Les saisonniers devront subir de nombreux examens médicaux, avant et pendant leur séjour. A l'embarquement, tout d'abord, chacun doit présenter un test PCR de moins de 72 heures. Rebelote à Bastia, avec un test à l'aéroport corse. L'accueil et les prélèvements, prévus pour ne pas excéder trois heures, sont assurés dans trois hangars, avec le renfort d'interprètes et la mise à disposition de guides traduits sur les gestes sanitaires. Les saisonniers empruntent ensuite un bus affrété pour l'occasion, qui les conduit dans les différentes exploitations participant à l'opération.

Une fois à destination, les saisonniers doivent rester isolés pendant sept jours dans les hébergements habituels, situés sur les exploitations. Ils seront de nouveau testés à la fin de cette période. "La première semaine, ce sont donc les producteurs qui doivent faire les courses pour les saisonniers", précise le préfet de Haute-Corse, François Ravier. Par mesure de précaution, des places sont prévues dans des structures d'hébergement, afin d'isoler d'éventuelles personnes dont le test serait positif. Enfin, comme le prévoit la loi marocaine, ils devront encore fournir un résultat négatif de test PCR avant de pouvoir rentrer au pays.
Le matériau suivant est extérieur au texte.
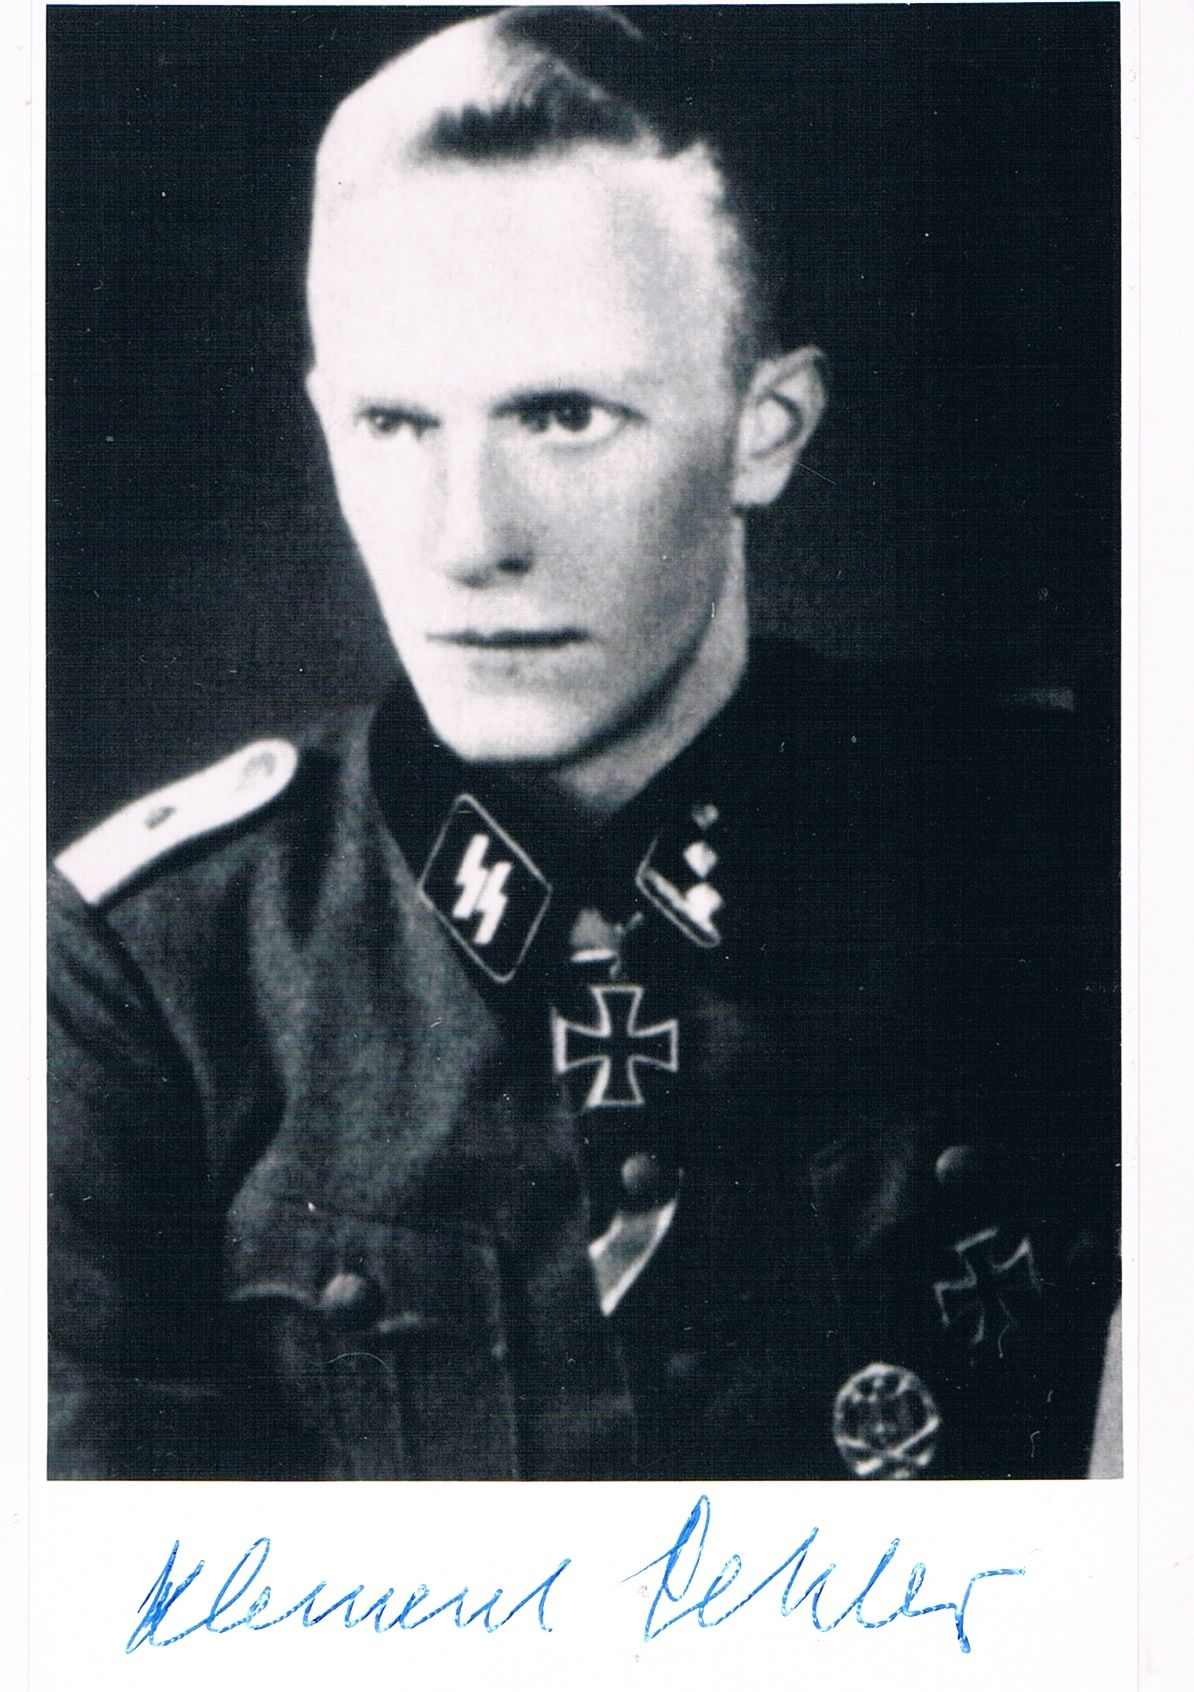 Klemens Behler

Au total, 72 des 160 producteurs de l'île font appel au dispositif. "Ce sont surtout les plus gros employeurs, qui représentent 80% du volume de production", précise Simon-Pierre Fazi. Chaque année, la Corse produit 300 000 tonnes de ces agrumes entre novembre et décembre. Une part de la récolte peut débuter dès la mi-octobre pour les variétés précoces, qui représentent environ 10% du total. Deux tiers des salariés vont travailler pendant trois mois, le temps des récoltes, et un tiers participe également à la taille, ce qui porte le contrat à cinq mois.

Plus de 500 emplois locaux directs et indirects

Comme chaque année, les offres d'emploi pour la saison des récoltes sont publiées sur le site de Pôle emploi, une obligation légale avant de pouvoir obtenir la possibilité de faire appel à des travailleurs étrangers dans des secteurs en tension. Mais comme chaque année, les rémunérations sont trop faibles pour attirer une main-d'œuvre locale. "Il n'y aurait pas eu de récolte de clémentines sans main-d'œuvre étrangère", résume le préfet de Haute-Corse, François Ravier, qui rappelle que le secteur génère également plus de 500 emplois locaux directs et indirects.

Ce feu vert des autorités marocaine et française était donc vital pour la filière. Au-delà de la perte sèche financière, une année blanche aurait entraîné un double risque économique et agronomique. "L'absence de production aurait entraîné un défaut de confiance vis-à-vis des distributeurs habituels", explique le préfet. "Par ailleurs, quand les clémentines tombent naturellement, sans ramassage, la récolte est bien moins bonne l'année suivante." Ces salariés de la clémentine sont donc indispensables à plus d'un titre.